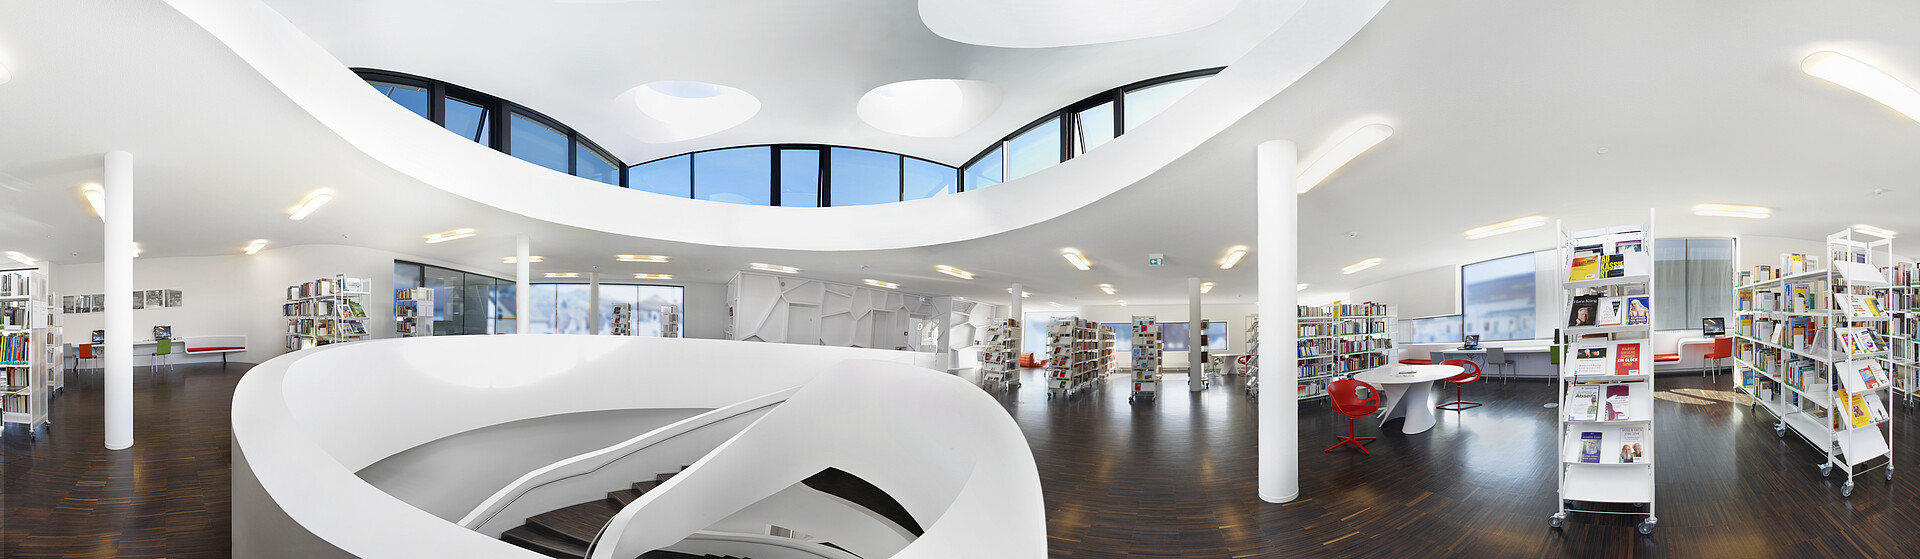 Das Bild zeigt eine Bibliothek in Oberkirch
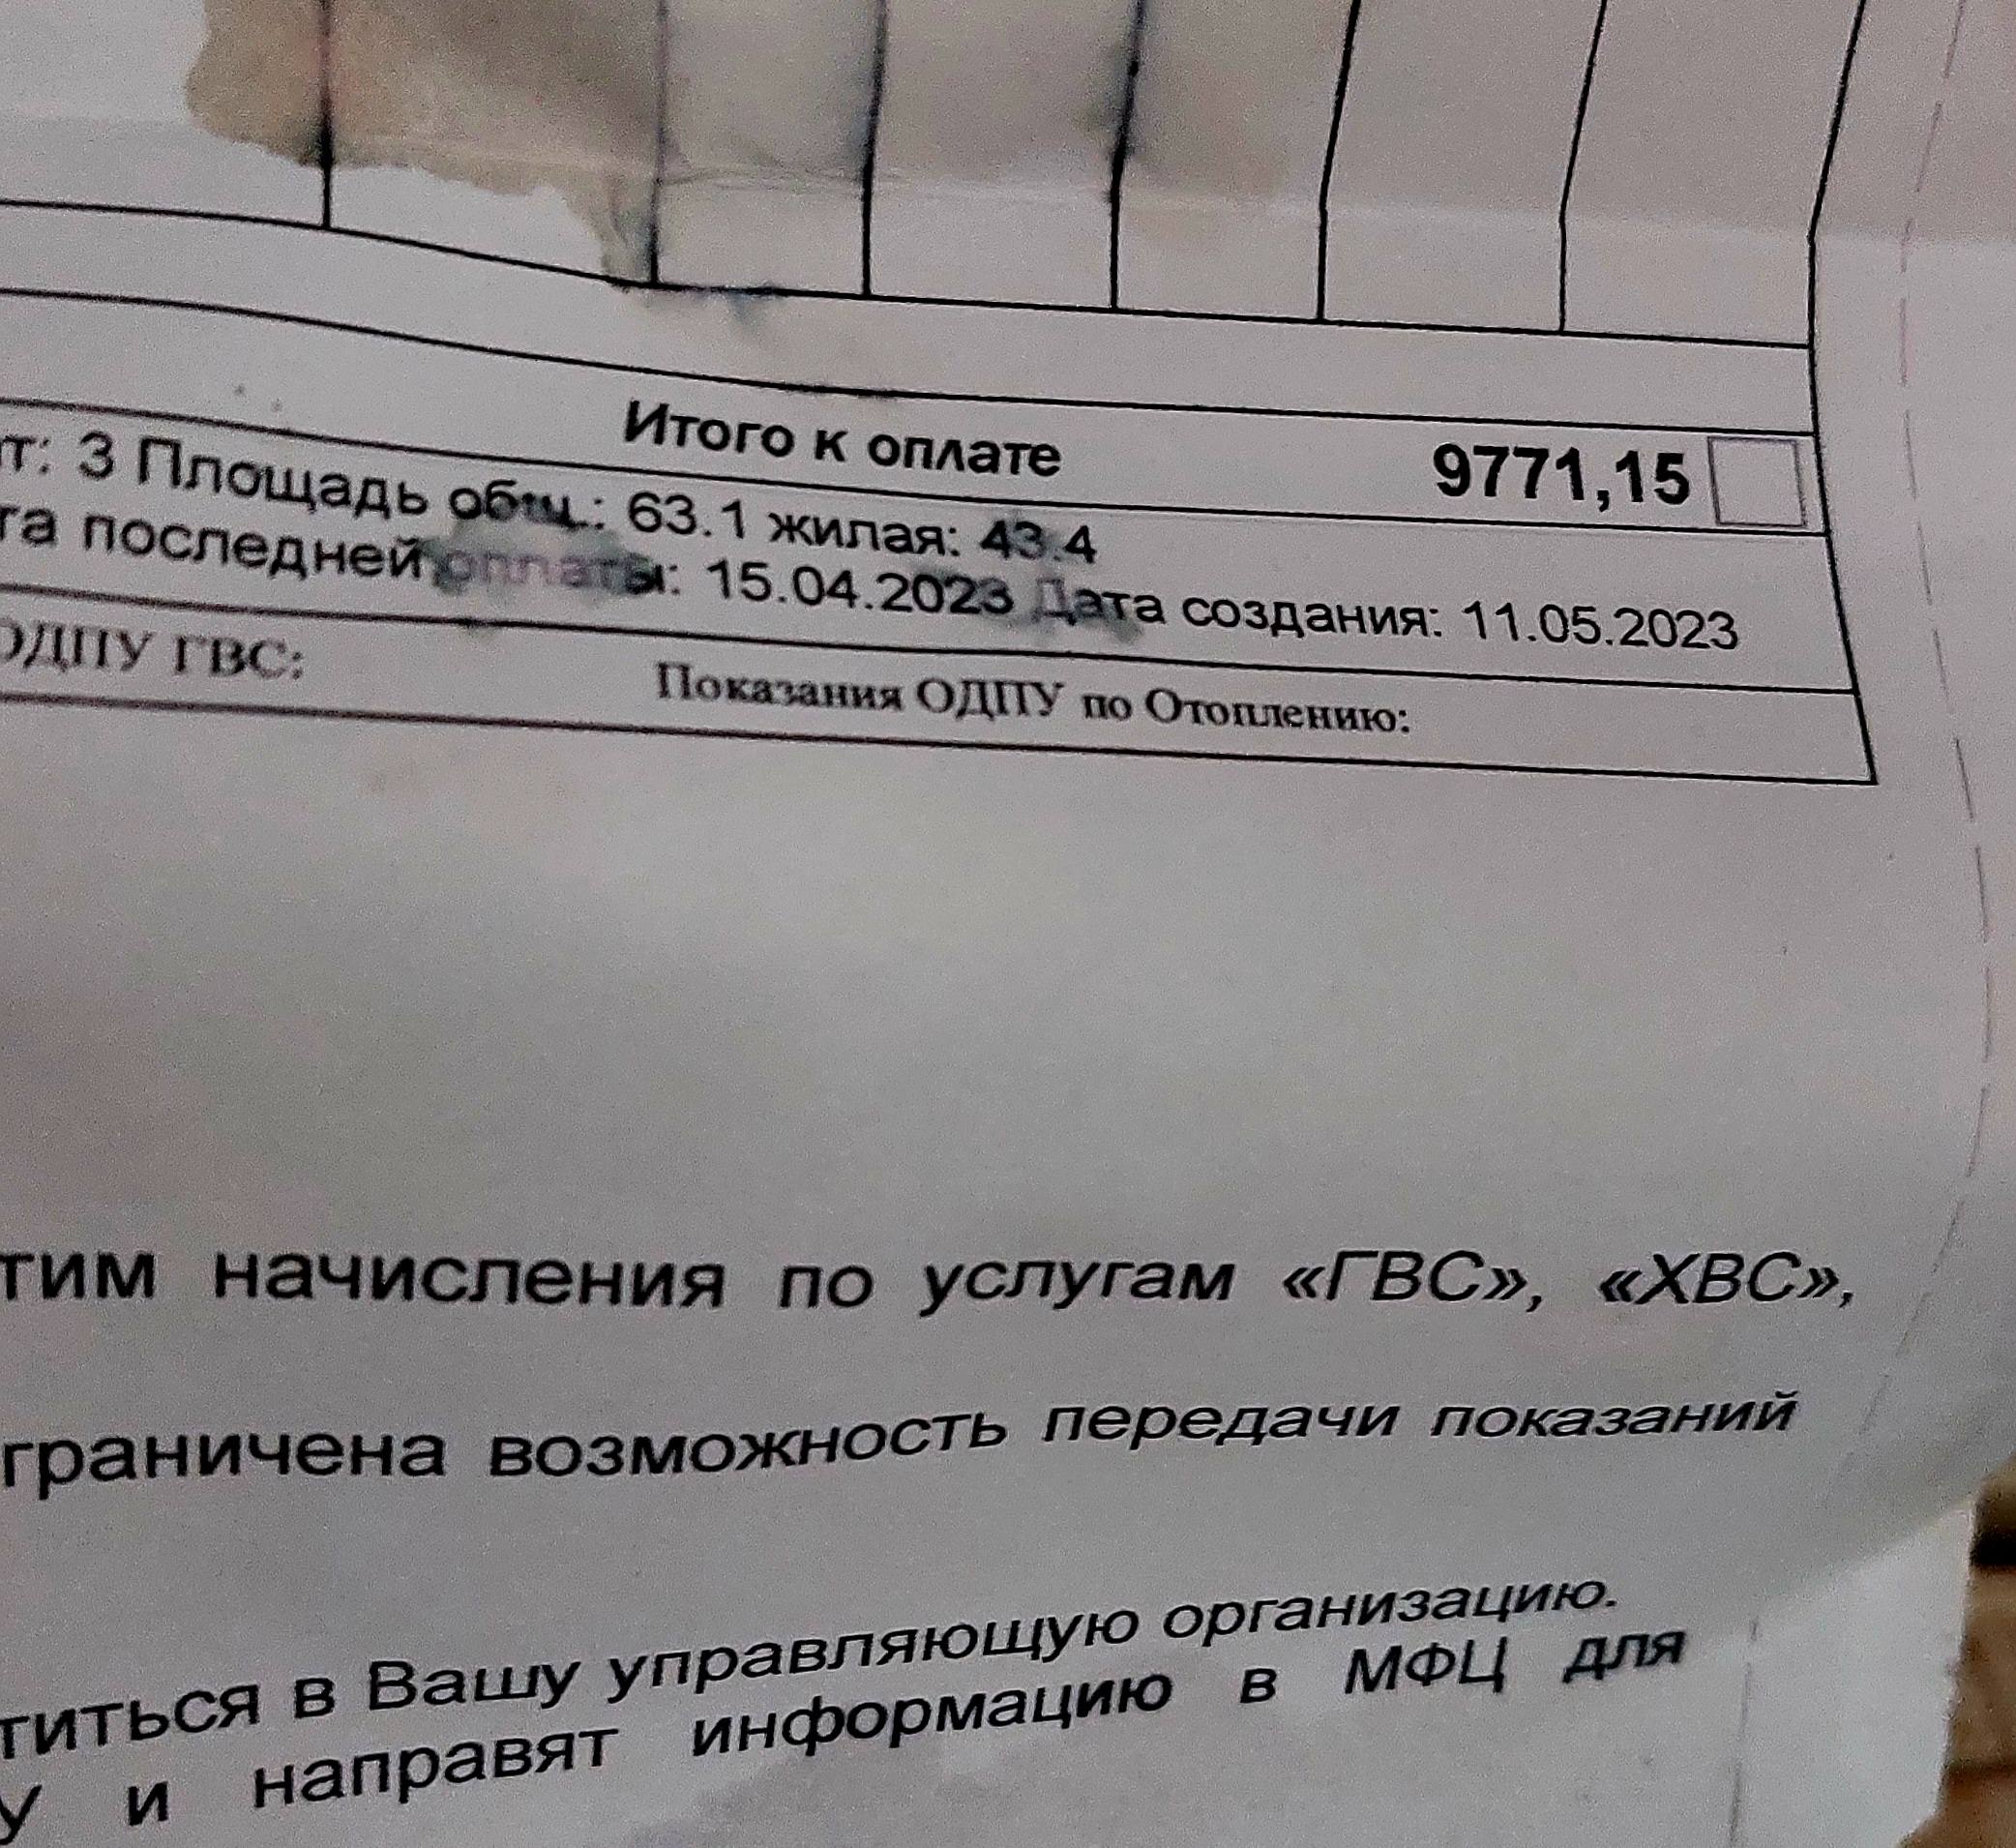 Не хватает 1000 рублей на оплату общедом квитанции
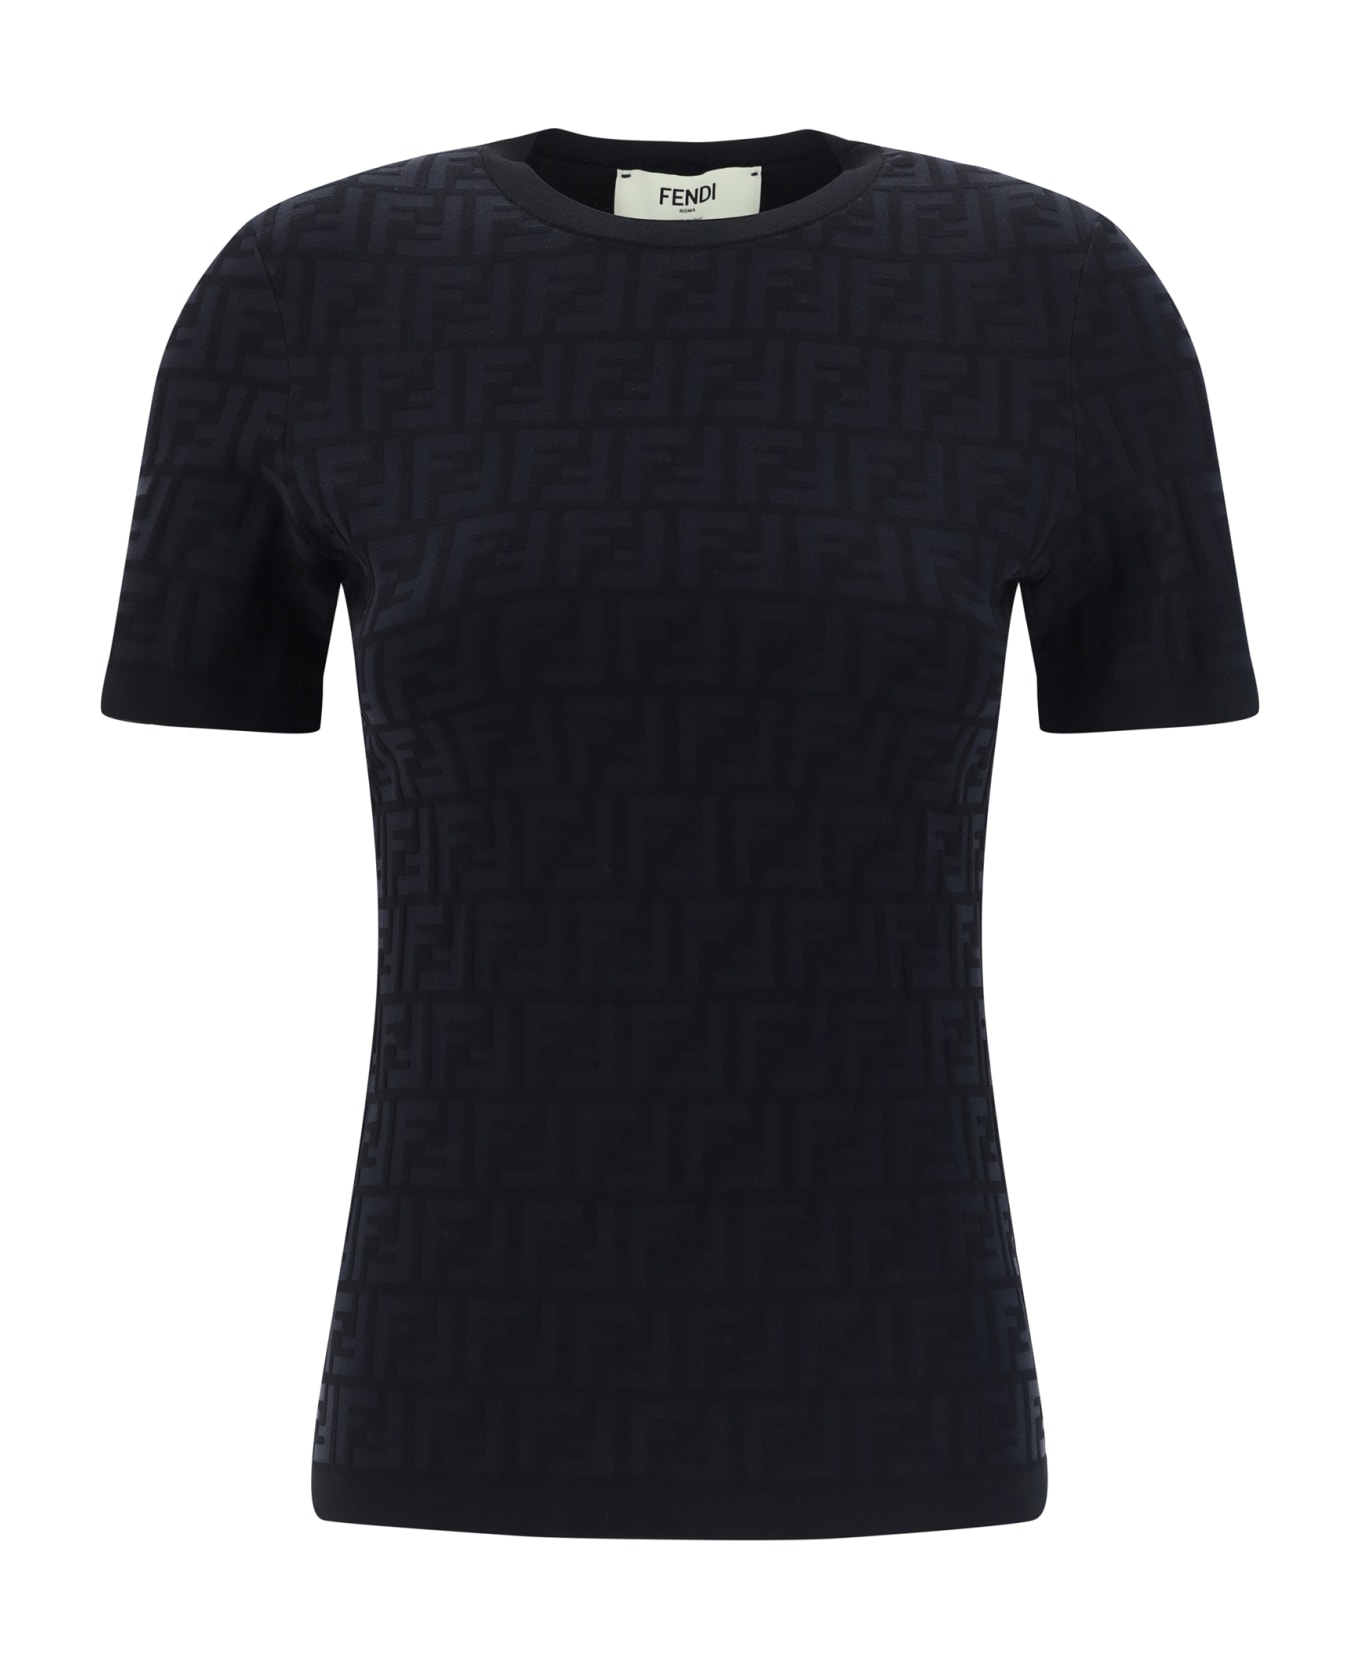 Fendi T-shirt - Gme Black Tシャツ
• • • • •
The material above is to be transcribed exactly, with all pictures omitted.

 Das Bild zeigt eine Bibliothek in Oberkirch
 Не хватает 1000 рублей на оплату общедом квитанции
 Fendi T-shirt - Gme Black Tシャツ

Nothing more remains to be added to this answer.